Sergio Garcia is a Spanish man with strong wrists, a hyperactive manner and dubious shaving habits. He is also periodically my favourite golfer, but it would perhaps be better for my health if he wasn’t. When, after a long lay-off, I began to get an urge to play golf again, Garcia had just exploded onto the pro scene, and he was largely responsible for reigniting my interest in the game. Often, I think he is the most exciting player who ever lived. Equally often, for the very same reasons, I think I hate him. Over the last few years he has played with my emotions like no other pro. There is not another modern European player who seems more capable of winning multiple major championships, yet nobody has so frequently got in the running, only to make a cow’s arse of things. You never know what you’re going to get with Garcia from one round to the next. He could reel off five birdies in a row and hit an impossible shot from behind a tree and go charging off up the fairway in pursuit of it like a hyperactive child. Alternatively, he could make a double bogey, then take his shoe off for no apparent reason and throw it in a bunker. When Garcia gets angry, he does so in a wholly original manner; in the early noughties, he even invented his own golfing affliction, when he suddenly became unable to stop waggling the club whilst addressing the ball. I like that kind of irrational behaviour in my golfers. That’s another reason I am drawn to Garcia: he reminds me of me.
It’s probably important that I qualify that statement. In many ways, I am nothing like Garcia. I do not have a penchant for lurid, buttock-gripping man-made
fibres that make me look like the Studio 54 answer to Bananaman. And, while I do have some Spanish in my blood, from my mum’s side of the family, my Latin temperament is more likely to come out when I’m being kept in a call waiting queue than when I’ve just missed a downhill six-footer for par.
More importantly, I am nowhere near as good as Sergio Garcia at golf. But, when it comes to a general tee-to-green mission statement of ‘Crap One Day, Dead Good the next’, Sergio and I have a lot in common. The difference, perhaps, is that one can almost believe Sergio’s erraticism is a deliberate gesture in the name of entertainment – a stand against conveyor-belt robopros, and those big-chinned men who sit in the commentary booth muttering about there being ‘no pictures on the scorecard’1 – whereas, with me, it seems a little more like a disease.

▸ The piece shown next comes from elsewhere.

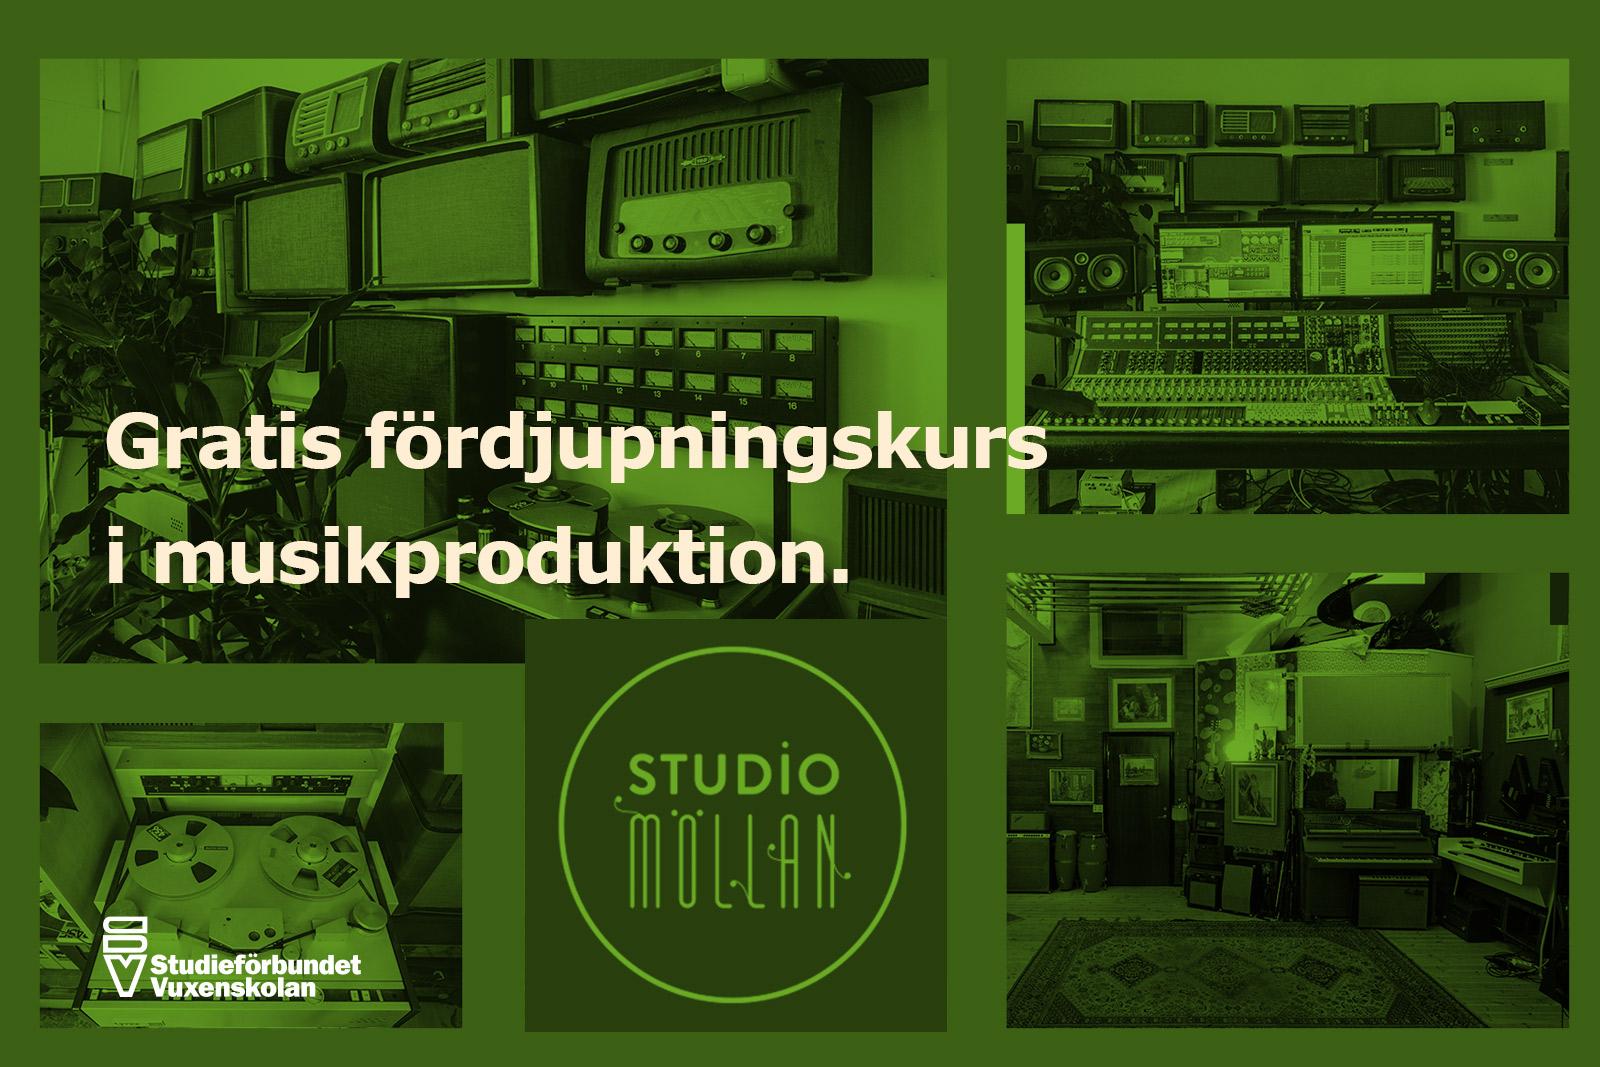 Studio möllan - gratis kurs

Of course, you’ll find lots of golfers who will tell you that this is the nature of the game: one day you’ve got it, one day you haven’t. It’s just that, for me, the essence of each of those days happens to be exaggerated. I’m not talking about the bigger picture here: we’ve covered that. Chaotic my wider golfing life might be, but there is at least a predictability to the chaos. What I’m referring to here is the meat of the equation – the striking of the ball itself – and the frustration that comes from not knowing whether your seven-iron will fly 130 yards or 170 yards, of not knowing whether you will hit your driver like Greg Norman or Norman Wisdom. It is the same frustration that makes you feel, sometimes, as if you are living a golfing lie. But just occasionally, it can make you feel like God.
As luck would have it, these ‘God’ days tend to occur most frequently when I’m on my own – those late-summer evenings when the birds are singing, there isn’t a Ron or a Roy in sight, and, for once, the imaginary game between the two scuffed, regenerated lake balls that you bought from the pro shop (i.e. ‘Mickelson’ and ‘Garcia’) doesn’t seem quite as much of an exercise in childish fantasy. But, every so often, they have occurred when I’ve been with Jerry.